The second phase is called feminist, it is a phase where women rebels against male authority and
intentionally challenges all male definitions and roles. On chapter ‘Born Bad’, Esperanza’s aunt,
Lupe, told her to “keep writing. It will keep you free,” (p61), and this is where she starts.
Esperanza had a crush on a boy named Sire, but when she walked pass him, she keeps her head
straight and thinks that “they (sire and his friends) didn’t scare me. They did but I wouldn’t let
them know” (p72), it can be interpreted that Esperanza starts to believe that women also have
their own power and will not let men degrade them by harassing or teasing them about the
beauty that they have. Esperanza keeps on holding to what she believes and said that she “had to
prove me (herself) I (she) wasn’t scared of nobody’s eyes, not even his.” These are the words
that show how Esperanza now will stand on her own two feet and won’t worry about gender
anymore. Esperanza also shows her wanting about being independence on chapter ‘Beautiful and
Cruel’. She said to her mom that she “decided not to grow up tame like the others who lay their
necks on the threshold waiting for the ball and chain.” (p88). The tame means a girl who is
obedient to her husband, only wait and do everything her husband told her to do at home.
Esperanza wants otherwise, she wants to experience her freedom by doing anything she wanted
to do and not be a prisoner because of a marriage.
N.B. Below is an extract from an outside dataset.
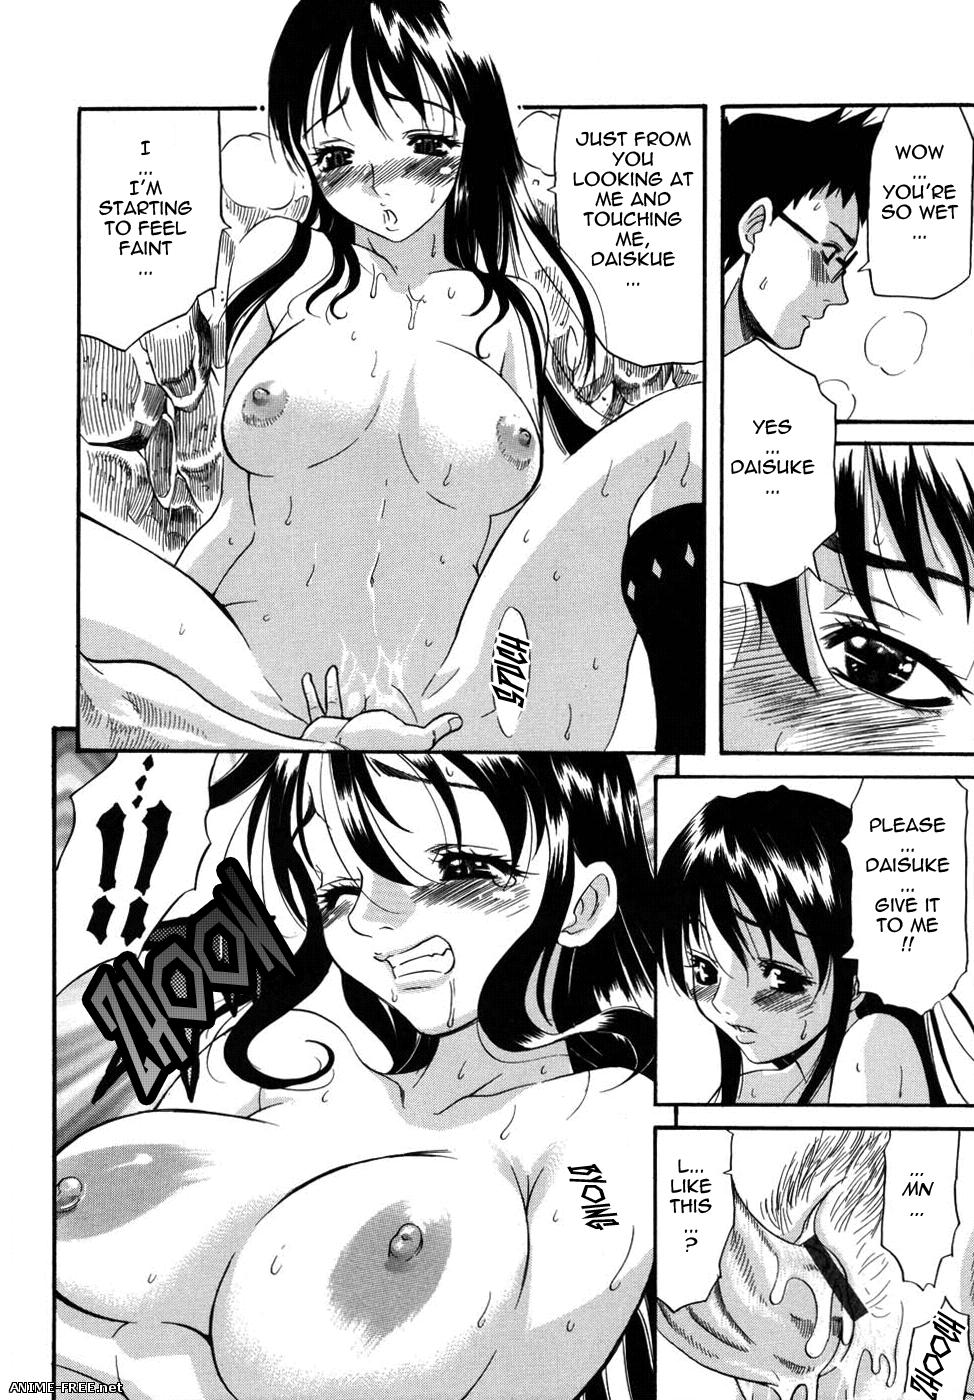 Amatarou - Сборник хентай манги [Ptcen] [JAP,ENG,RUS] Manga Hentai

She thinks that women has their own power
and will not give it away.
The third phase, which is the last phase of women’s identity, is called female. It is a phase where
women is no longer concerned with male definitions or restrictions; defines her own voice and
values. On chapter ‘The Three Sisters’, Esperanza met the three old aunts at Lucy and Rachel’s
house. They told her to make a wish, and she did. Without telling what her wish was, one of
them can guess what she wish for, she told Esperanza that she will be able to leave (the Mango
Street) and have her own house. Not so long after that, on chapter ‘A House of My Own’,
Esperanza did found her own house. She described the house as hers, “not a man’s house. Not a
daddy’s house,” (p108). Meaning, she finally got what she has been dreaming of, a house of her
own, that let her have her own liberty, do anything she wants, and also not chained up with men.
It is a house that’s “clean as paper before the poem” (p108).